Big Man Coming Down the Road.

Description

360 pages
$25.00
ISBN 978-0-14-305177-0
DDC C813'.54

Author

Year

2007

Contributor

Reviewed by Douglas Ivison

Douglas Ivison is an assistant professor of English at Lakehead
University in Thunder Bay.

Review

Often compared to Elmore Leonard and Carl Hiaasen, among others, Brad Smith has established himself as a unique literary presence in Canadian literature with his past three novels: Busted Flush, All Hat, and One-Eyed Jacks. Filled with colourful characters at the margins of respectability and morality, Smith’s novels are fast-paced and entertaining with a strong and compelling narrative voice.

 

Big Man Coming Down the Road is no different. The plot begins with the death of crotchety multi-millionaire Everett Eastman. In the years preceding his death, he had dispensed of most his wealth, leaving little for his three children (each the product of a different marriage): the malicious, philandering, and ethically challenged Ben, the beautiful but struggling documentary filmmaker Kick (the focus of much of the novel), and the pot-smoking, Dylan-quoting, wannabe musician Ethan.

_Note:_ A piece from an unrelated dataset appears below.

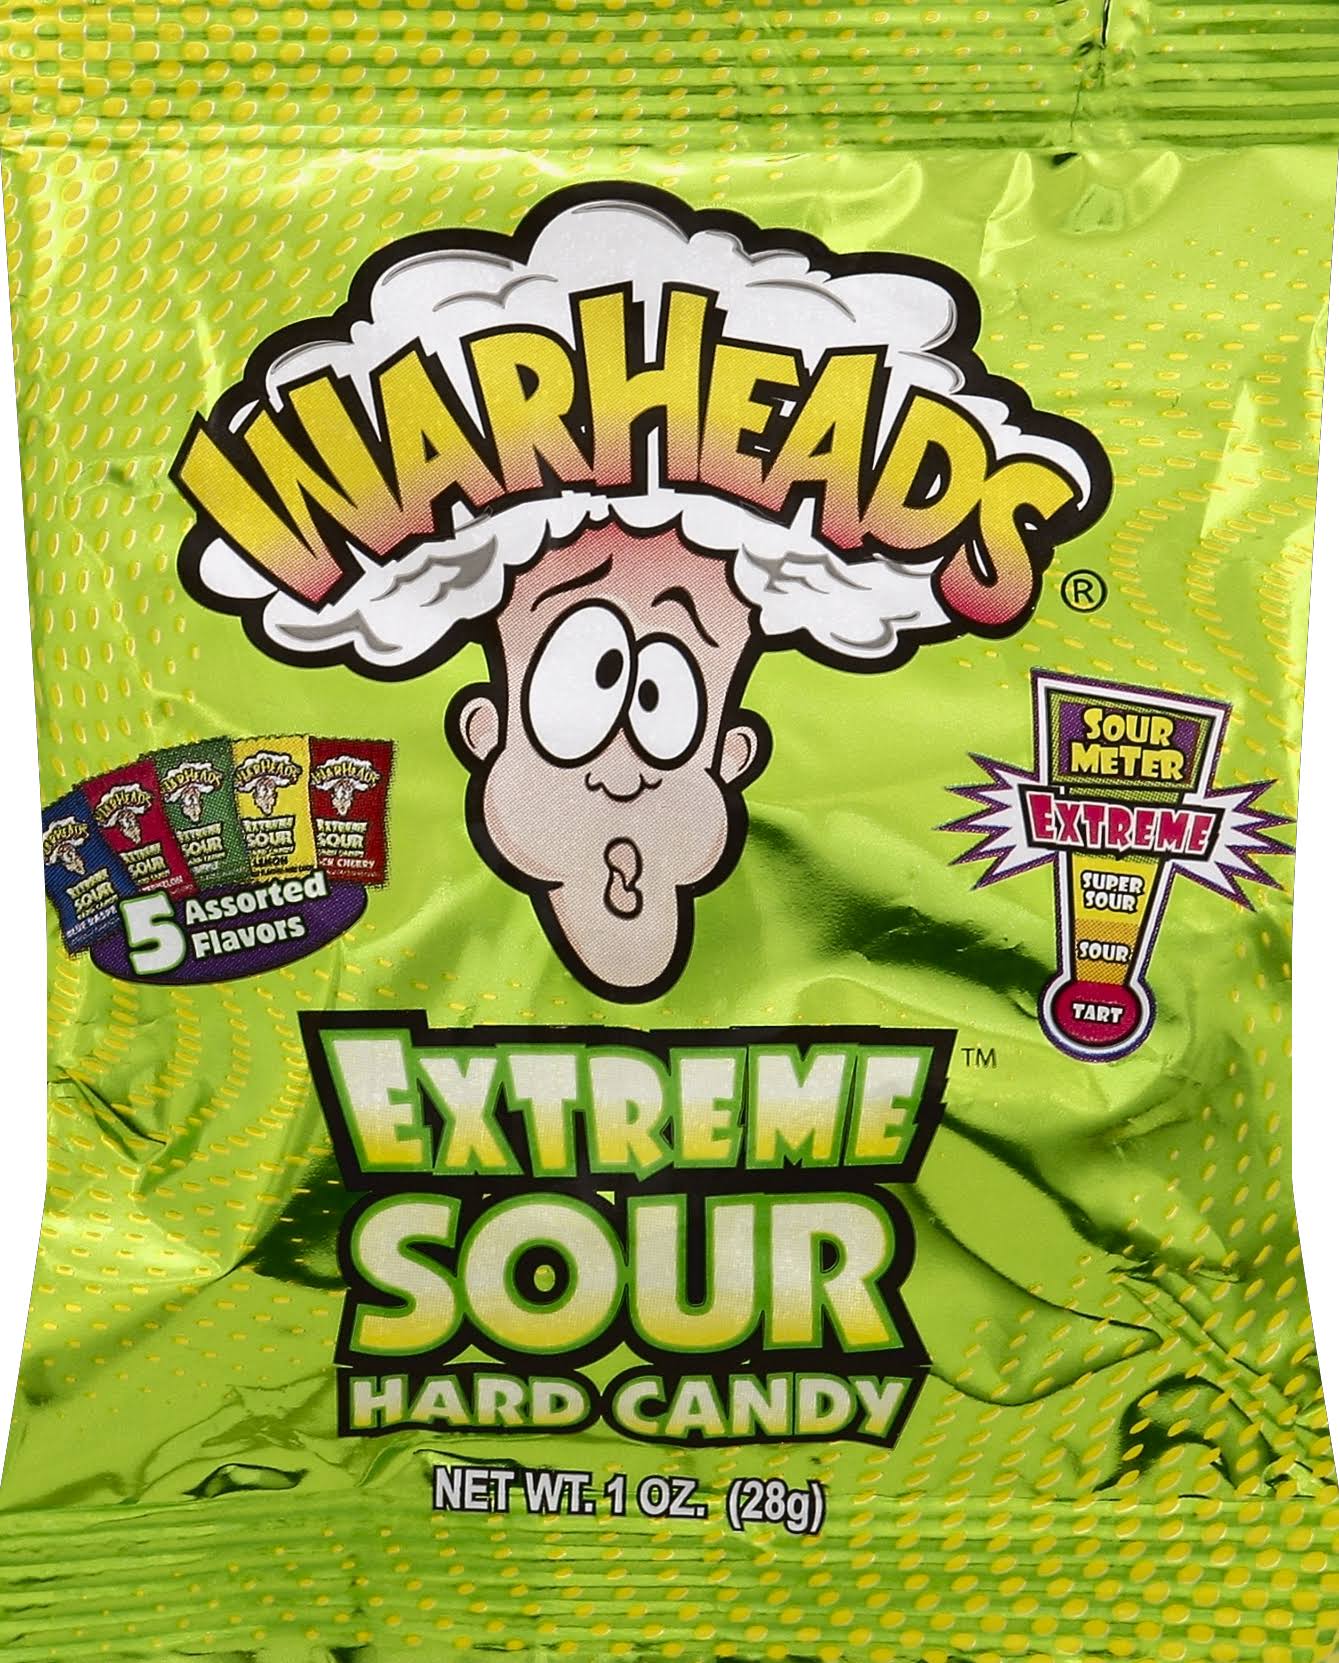 WarHeads Hard Candy, Extreme Sour, Assorted Flavors - 1 oz

Each child is given one business to run and a challenge to overcome in order to inherit that business. Throw in a NHL star turned farmer as the will’s executor, a crusty, old, tax-indebted country music star, and a sleazy Nashville record producer, amongst other characters, and let the madness ensue.

 

Much of the novel revolves around Kick’s efforts to meet the condition imposed upon her inheritance: ensure that Jonah Peck, a legendary country star who owes $12 million to the IRS, makes the album that her father had funded before his death. In order to track down the $250,000 invested in the album (for which not one track has been recorded) with the hope of using the money to fund her current documentary project, Kick goes to Nashville to track down the elusive singer and his corrupt manager. There she lands in jail, and ends up on Peck’s farm outside of Nashville, where the singer spends his days hunting wild turkeys and smoking marijuana. In the end, as you might expect, it’s happy endings all around.

 

Big Man Coming Down the Road is an entertaining if slight novel. The characters are colourful (if a bit too one-dimensional), it’s tightly written and fast paced, and the world of country music and the increasingly urbanized rural society in which much of the novel is set is vividly sketched, yet the novel leaves the reader feeling as if there could have been more.